Reputation: 1052
I am running the following cloud function. It runs with success and indicates data was loaded to the table. But when I query the BigQuery no data has been added. I am getting no errors and no indication that it isn't working.
from google.cloud import bigquery
import pandas as pd
def download_data(event, context):
df = pd.read_csv('https://covid.ourworldindata.org/data/ecdc/full_data.csv')
# Create an empty list
Row_list =[]
# Iterate over each row
for index, rows in df.iterrows():
# Create list for the current row
my_list =[rows.date, rows.location, rows.new_cases, rows.new_deaths, rows.total_cases, rows.total_deaths]
#print(my_list)
# append the list to the final list
Row_list.append(my_list)
## Get Biq Query Set up
client = bigquery.Client()
table_id = "<project_name>.raw.daily_load"
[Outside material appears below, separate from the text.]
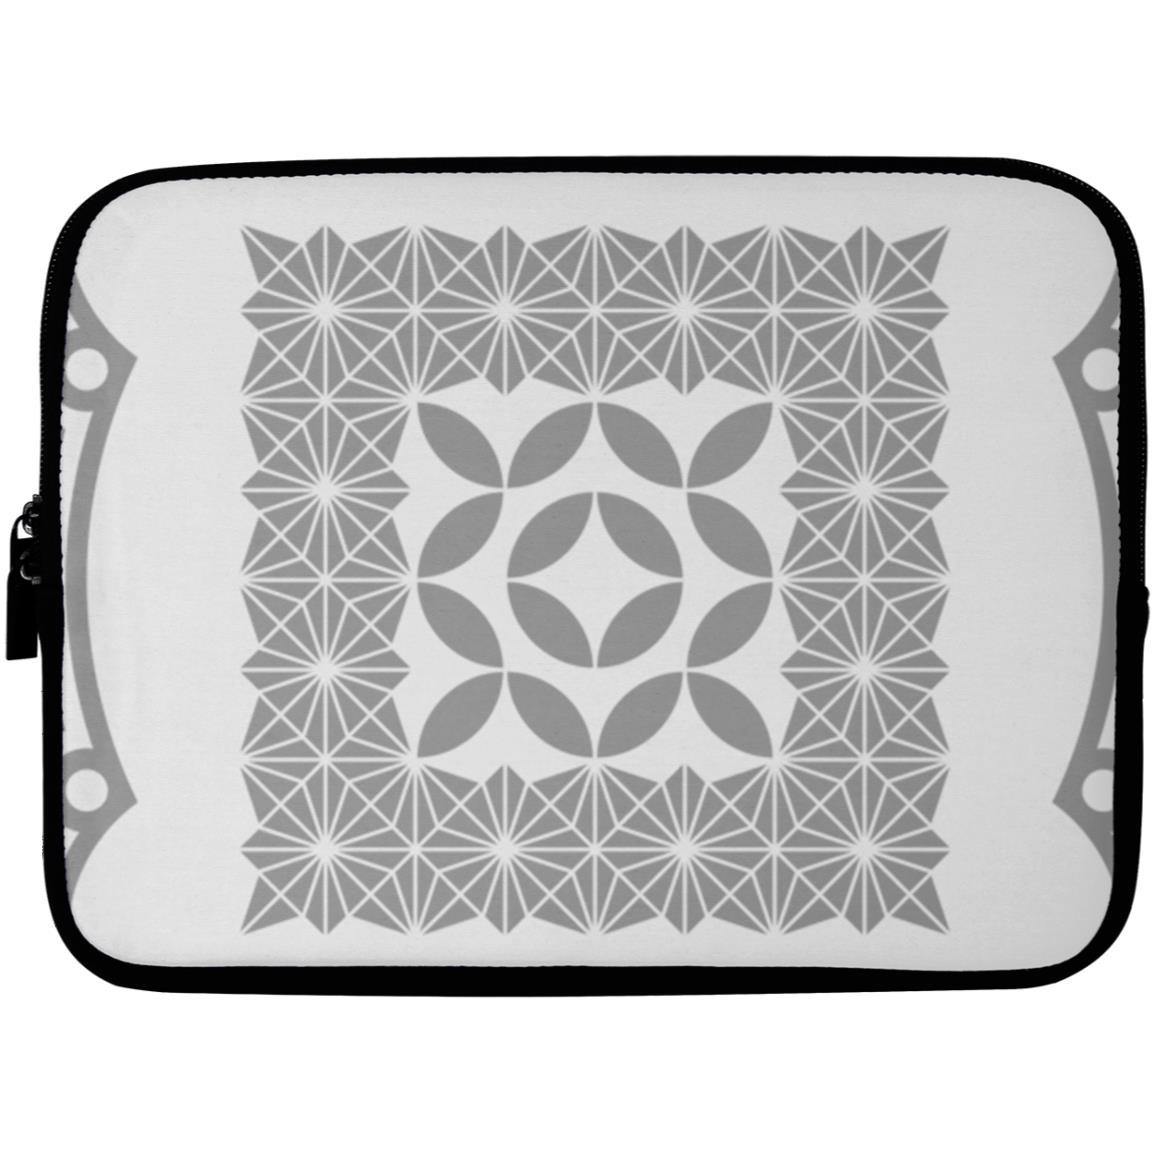 Crop Circle Laptop Sleeve - Morgan´s Hill - Shapes of Wisdom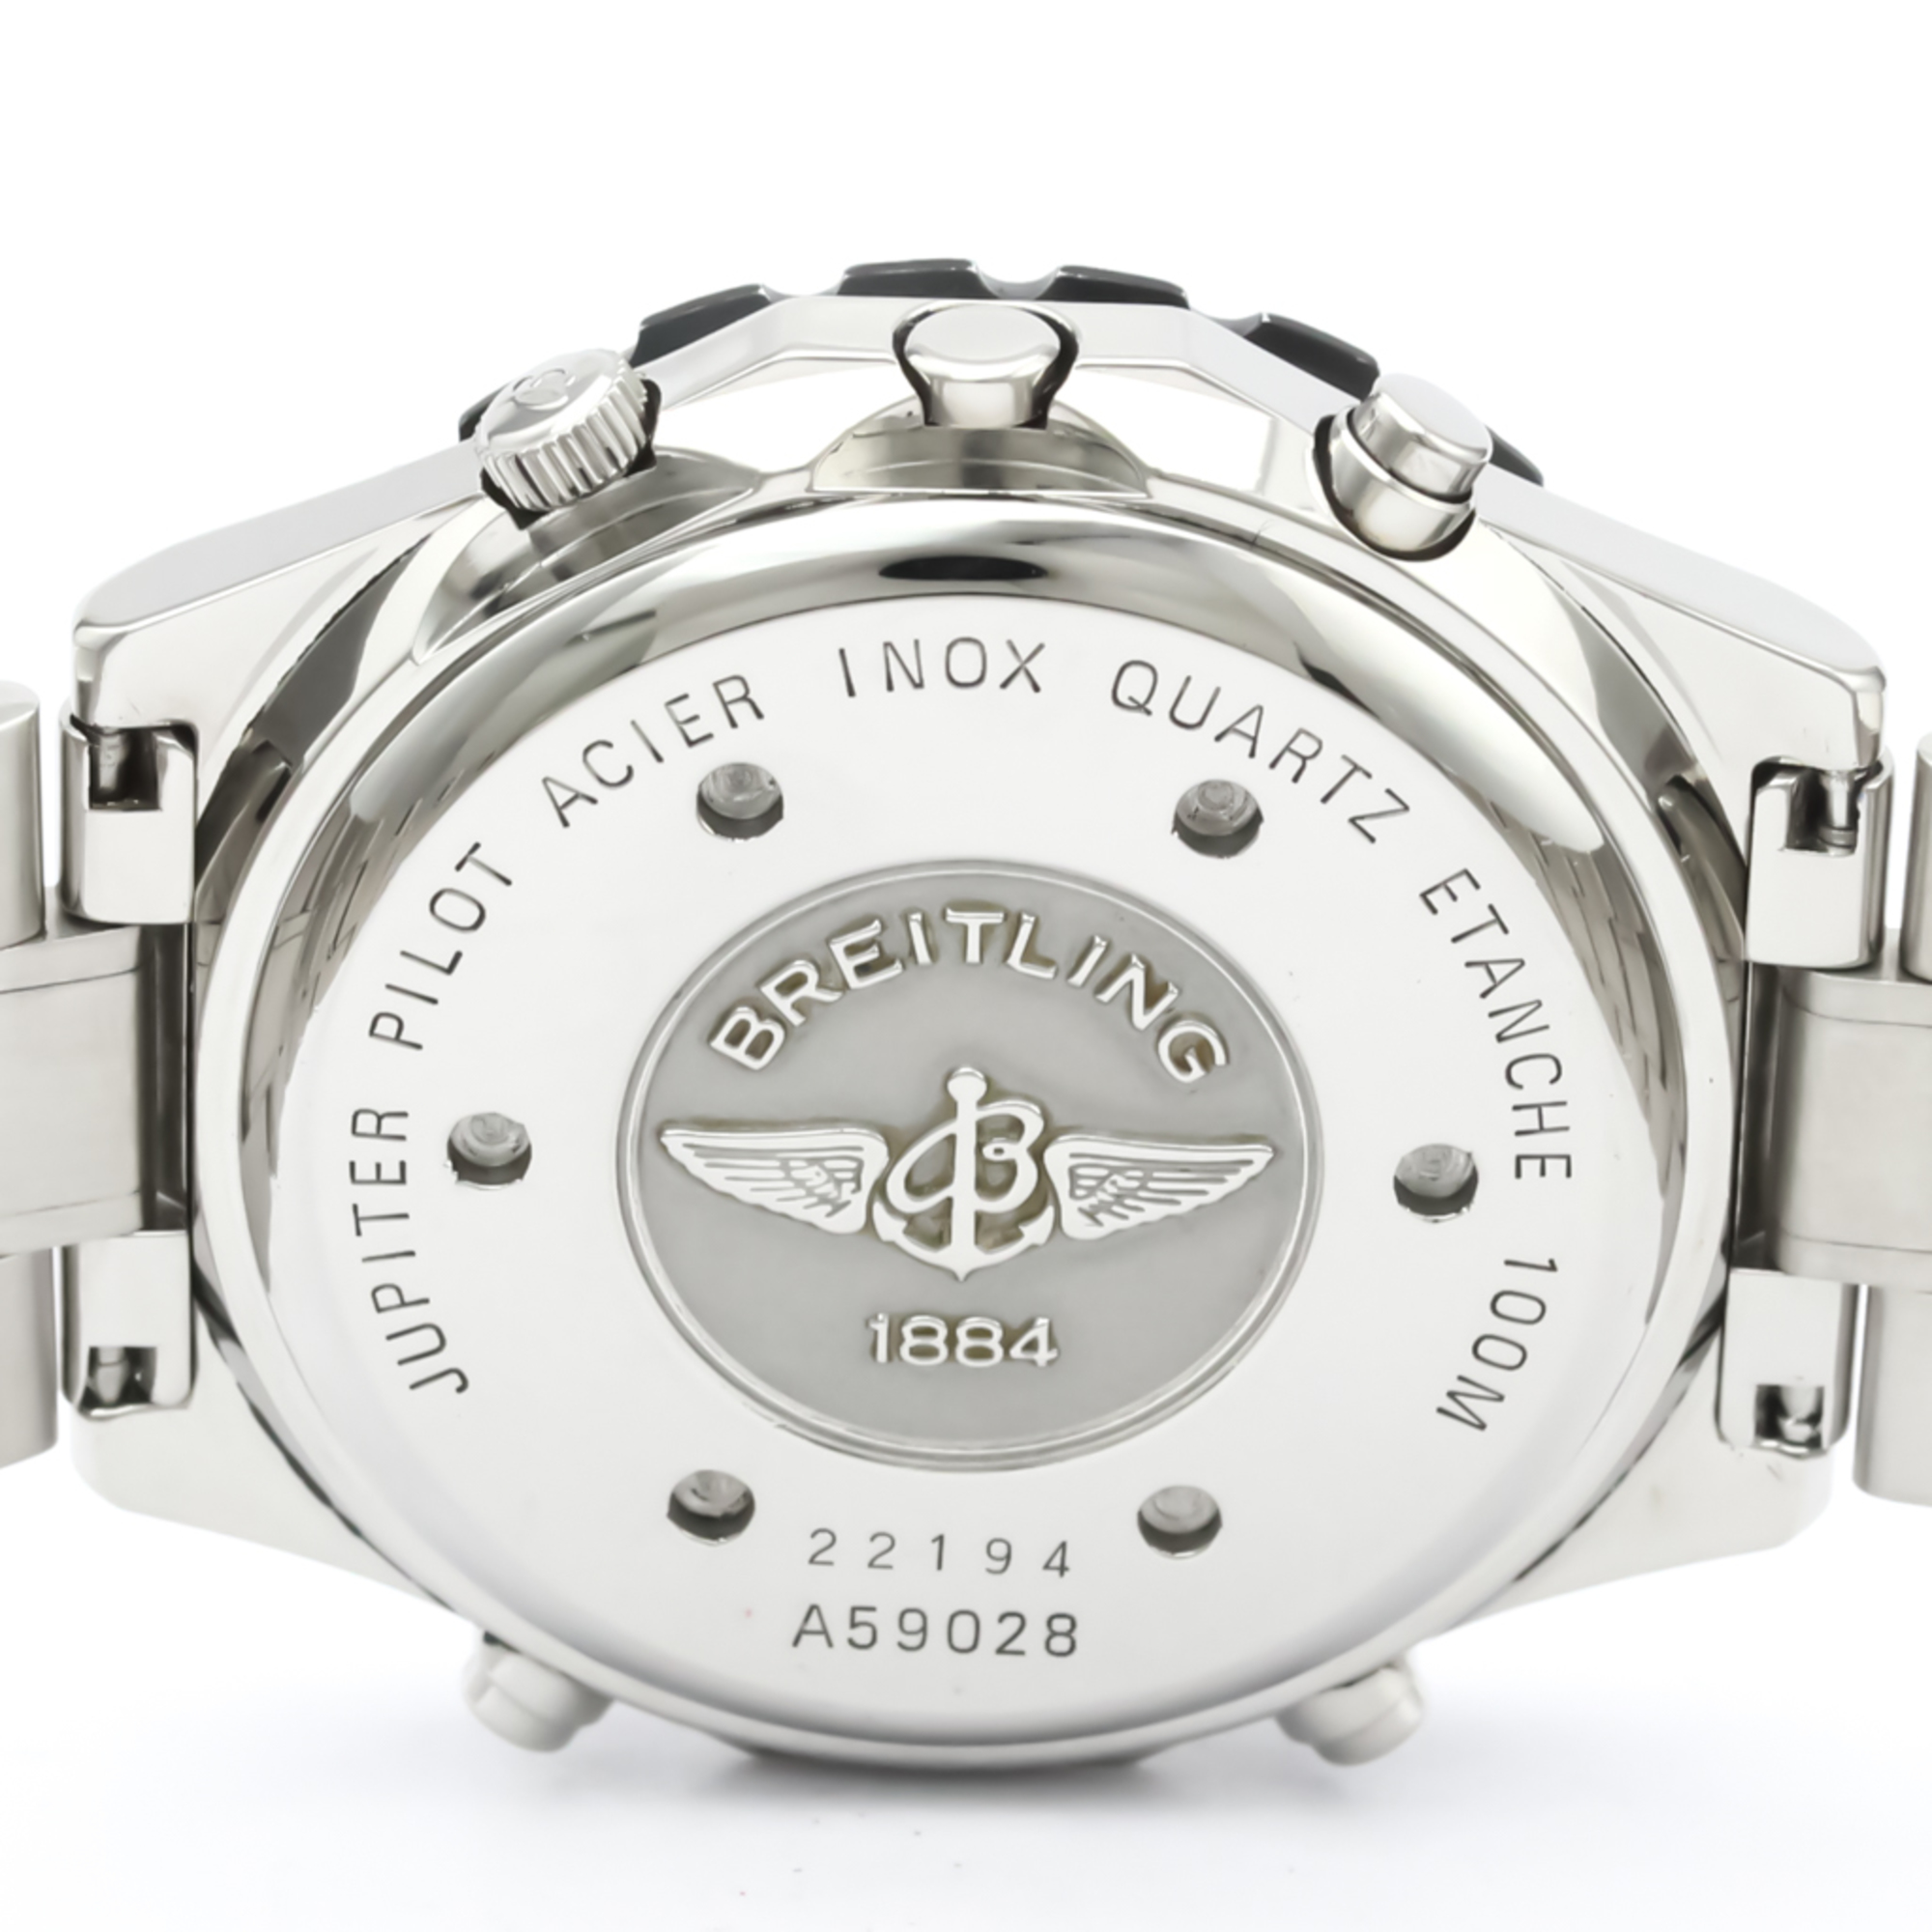 Breitling Jupiter Pilot Quartz Stainless Steel Men's Sports Watch A59028

table = client.get_table(table_id)
print(client)
print(table_id)
print(table)
errors = client.insert_rows(table, Row_list) # Make an API request.
if errors == []:
print("New rows have been added.")
Attempted so far;
Not sure what is next, any advice would be greatly appreciated
Maybe this post in Google Cloud documentation could help.
https://cloud.google.com/bigquery/docs/loading-data-cloud-storage-csv#loading_csv_data_into_a_table
Upvotes: 3
Views: 15934
Reputation: 1485
You can directly stream the data from the website to BigQuery using Cloud Functions but the data should be clean and conform to BigQuery standards else the e insertion will fail. One more point to note is that the dataframe columns must match the table columns for the data to be successfully inserted. I tested this out and saw insertion errors returned by the client when the column names didn’t match.
Writing the function
I have created a simple Cloud Function using the documentation and pandas example. The dependencies that need to be included are google-cloud-bigquery and pandas.
main.py
from google.cloud import bigquery
import pandas as pd
def hello_gcs(event,context):
df = pd.read_csv('https://people.sc.fsu.edu/~jburkardt/data/csv/airtravel.csv')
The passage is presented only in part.